Old Data Ingestion Pipeline
Architecture
Our old data ingestion pipeline had the following architecture:
- Events were triggered from code after DB changes (Create, Update, and Delete).
- These events were added to SQS (Amazon’s managed queuing service) so that they could be asynchronously processed without affecting our live flow.
- Consumers would read events from SQS and populate temporary BigQuery (BQ) tables. There are temporary tables for each entity, with one table for each 6-hour block.
- Every 24 hours, a cron job would merge the data from the temporary BQ tables for each entity into the main BQ table for that entity. This batch-processing method aimed to optimize costs by reducing the frequency of table updates.

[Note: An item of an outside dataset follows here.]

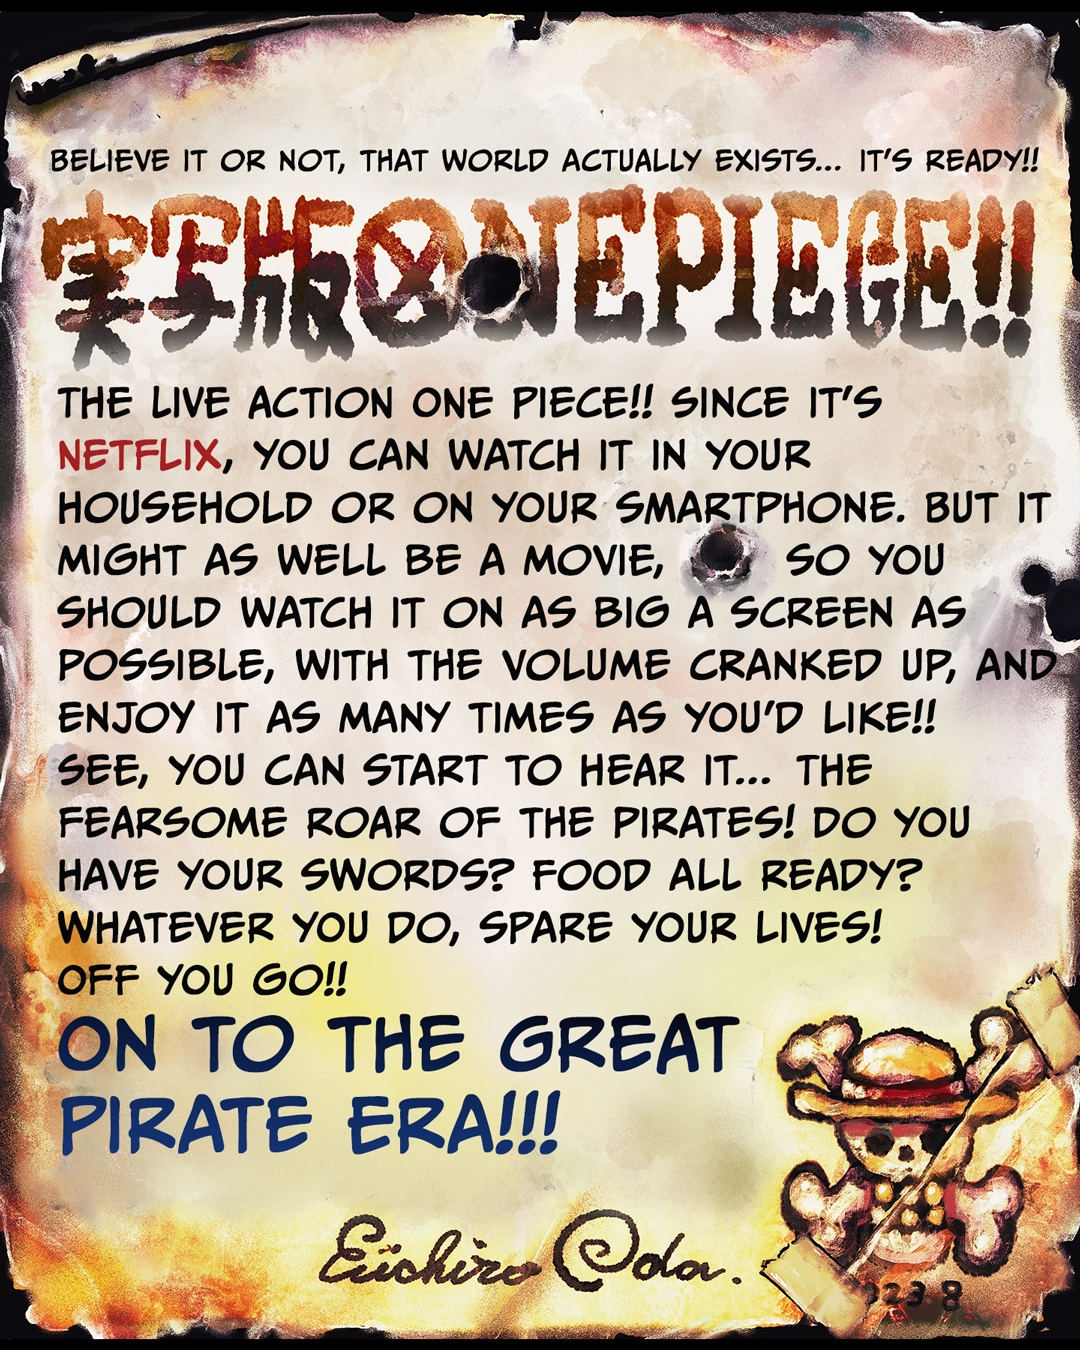 Mensaje del mangaka Eiichiro Oda para el live-action de One Piece
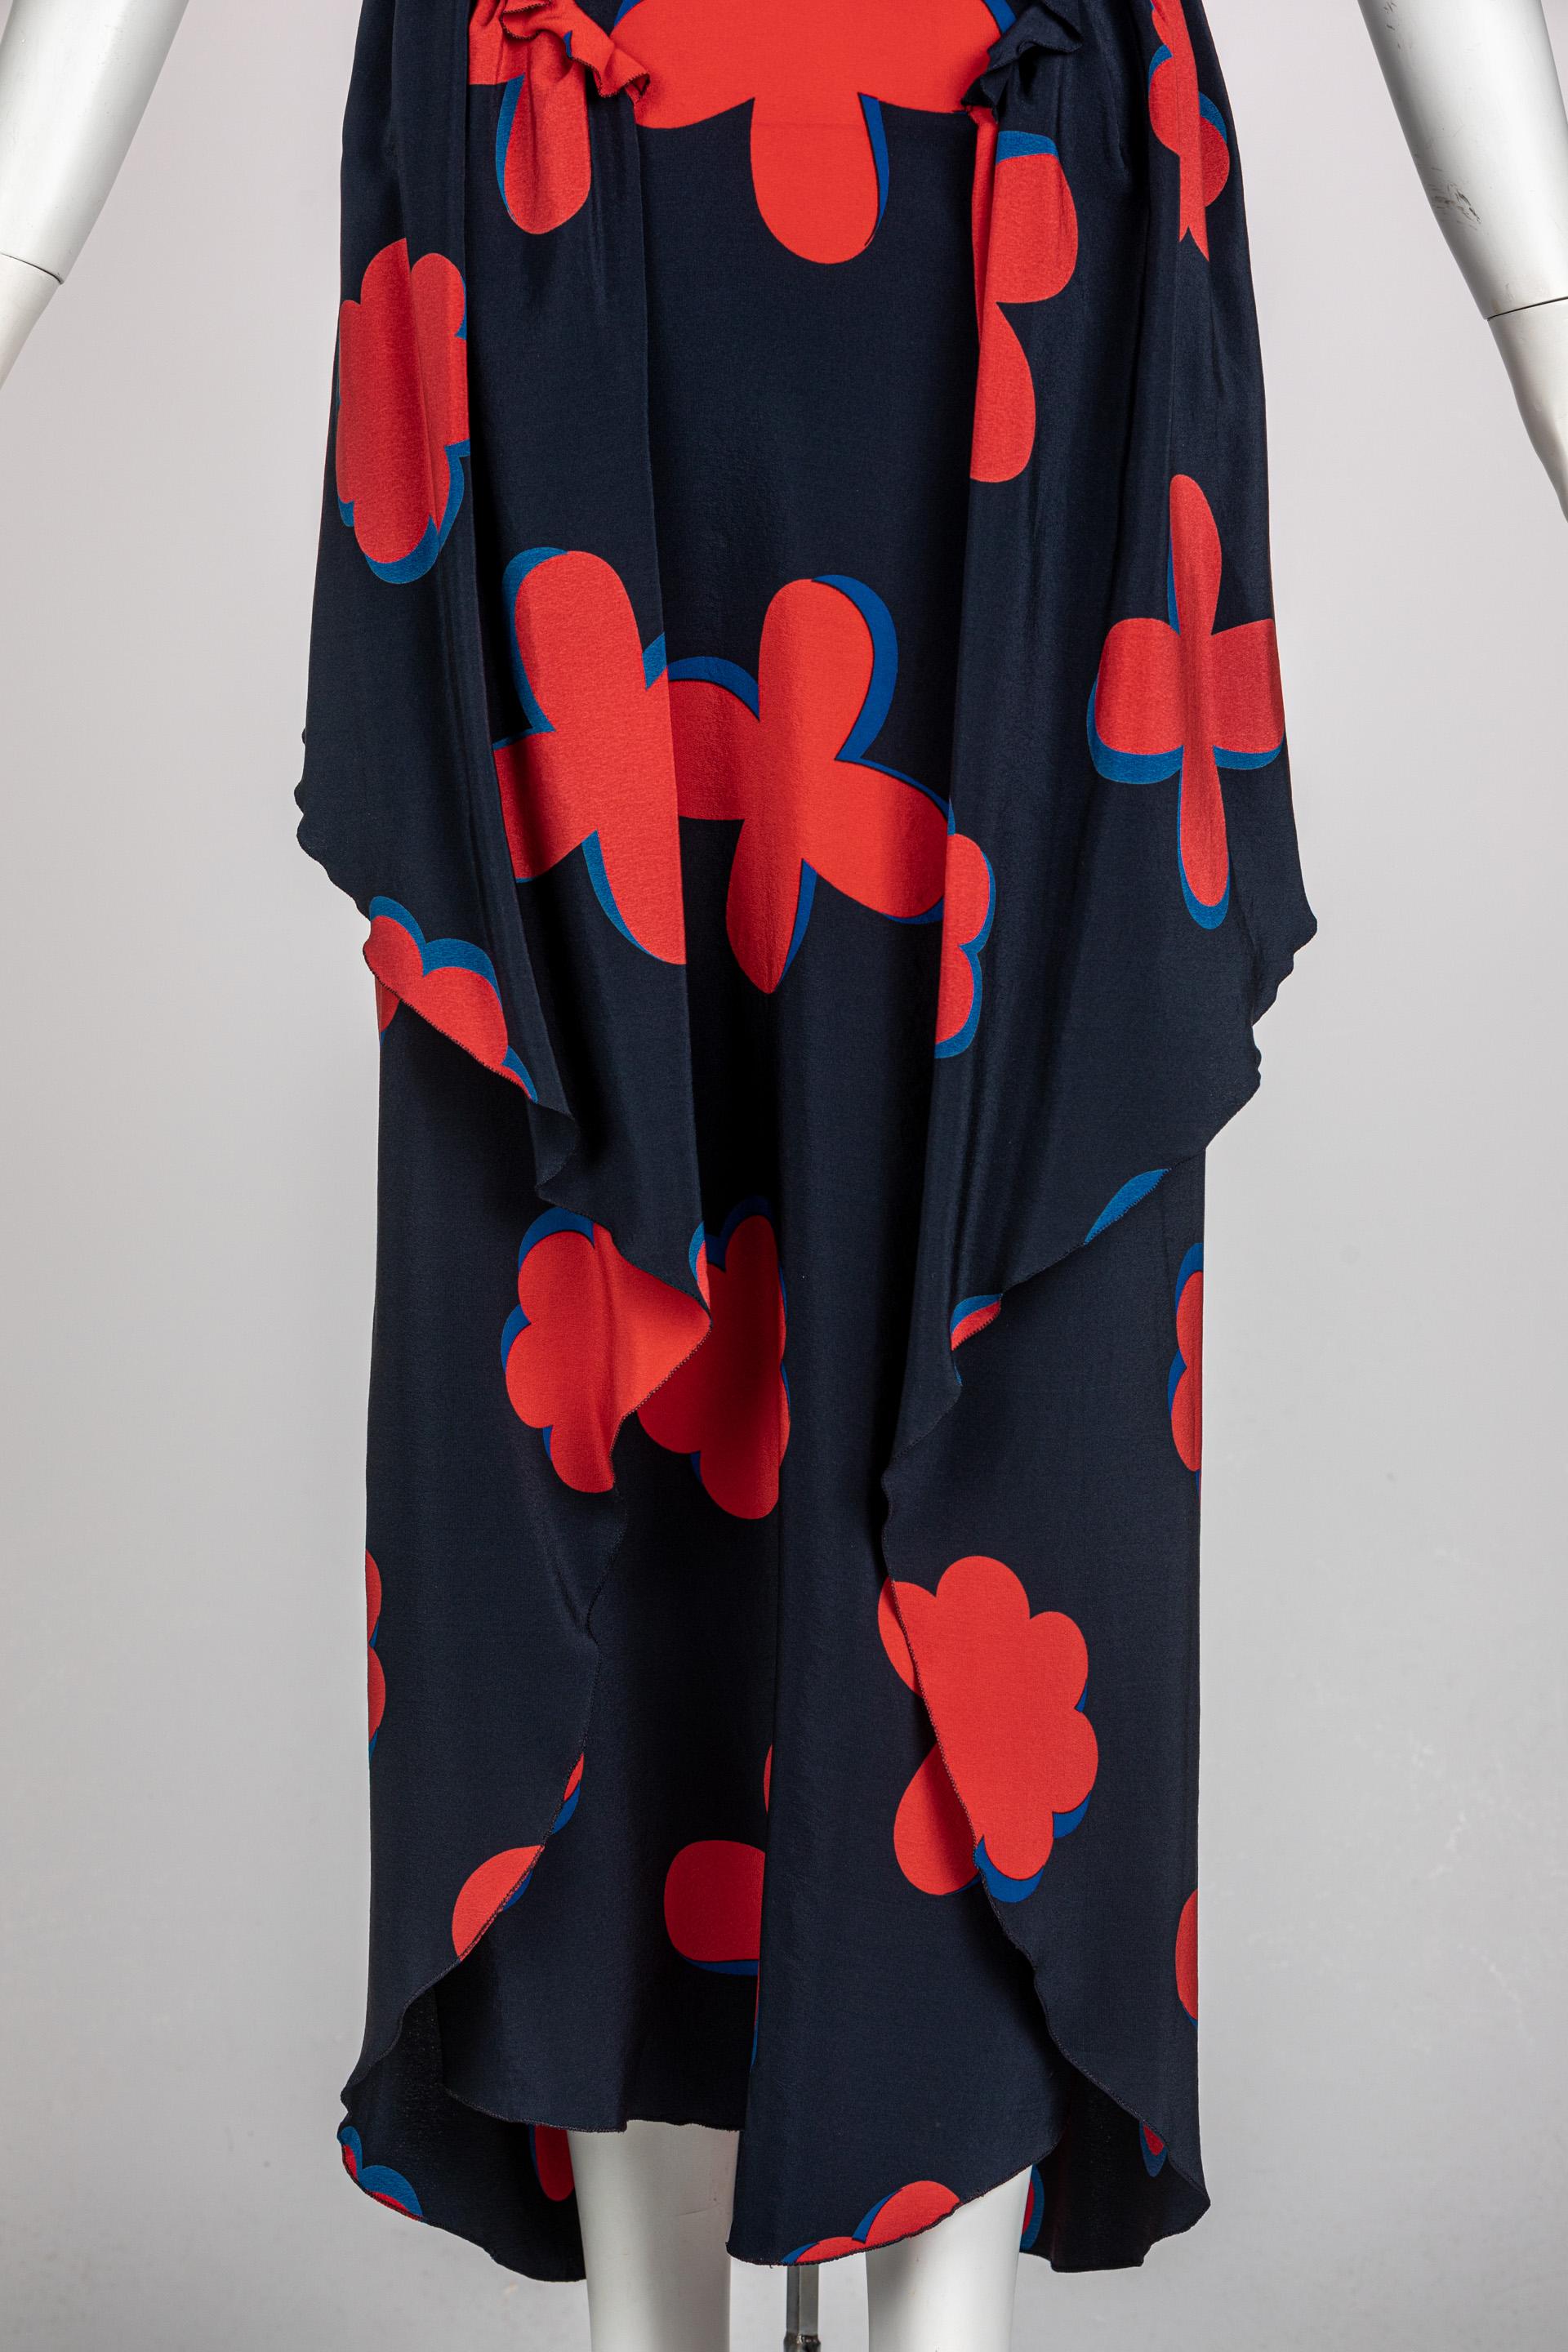 Vintage Chloé by Karl Lagerfeld Strapless Silk Printed Dress Spring 1979 2

Challenges with Old Data Ingestion Pipeline
tl;dr: Data Loss and Unreliable Data
Code-triggered Events
In our old pipeline, events were manually triggered from code during create, update, and delete operations. However, this approach had limitations, primarily, the risk of missed events due to code bugs.
Lack of fault tolerance
Our old pipeline was based on SQS. The system was fairly simple without a DLQ resulting in the absence of a robust retry mechanism in case of failures. This lack of fault tolerance made us vulnerable to data loss during transient failures and/or intermittent network issues. To enhance the reliability of our pipeline, we prioritized the implementation of a comprehensive retry mechanism (covered later).
Manual Schema Updates
Another challenge we encountered was the manual synchronization of schema changes between our primary database and BigQuery. This process required human intervention and was prone to errors, leading to data loss. We aimed to streamline this process and ensure data consistency by automating schema updates or removing the need for schema updates.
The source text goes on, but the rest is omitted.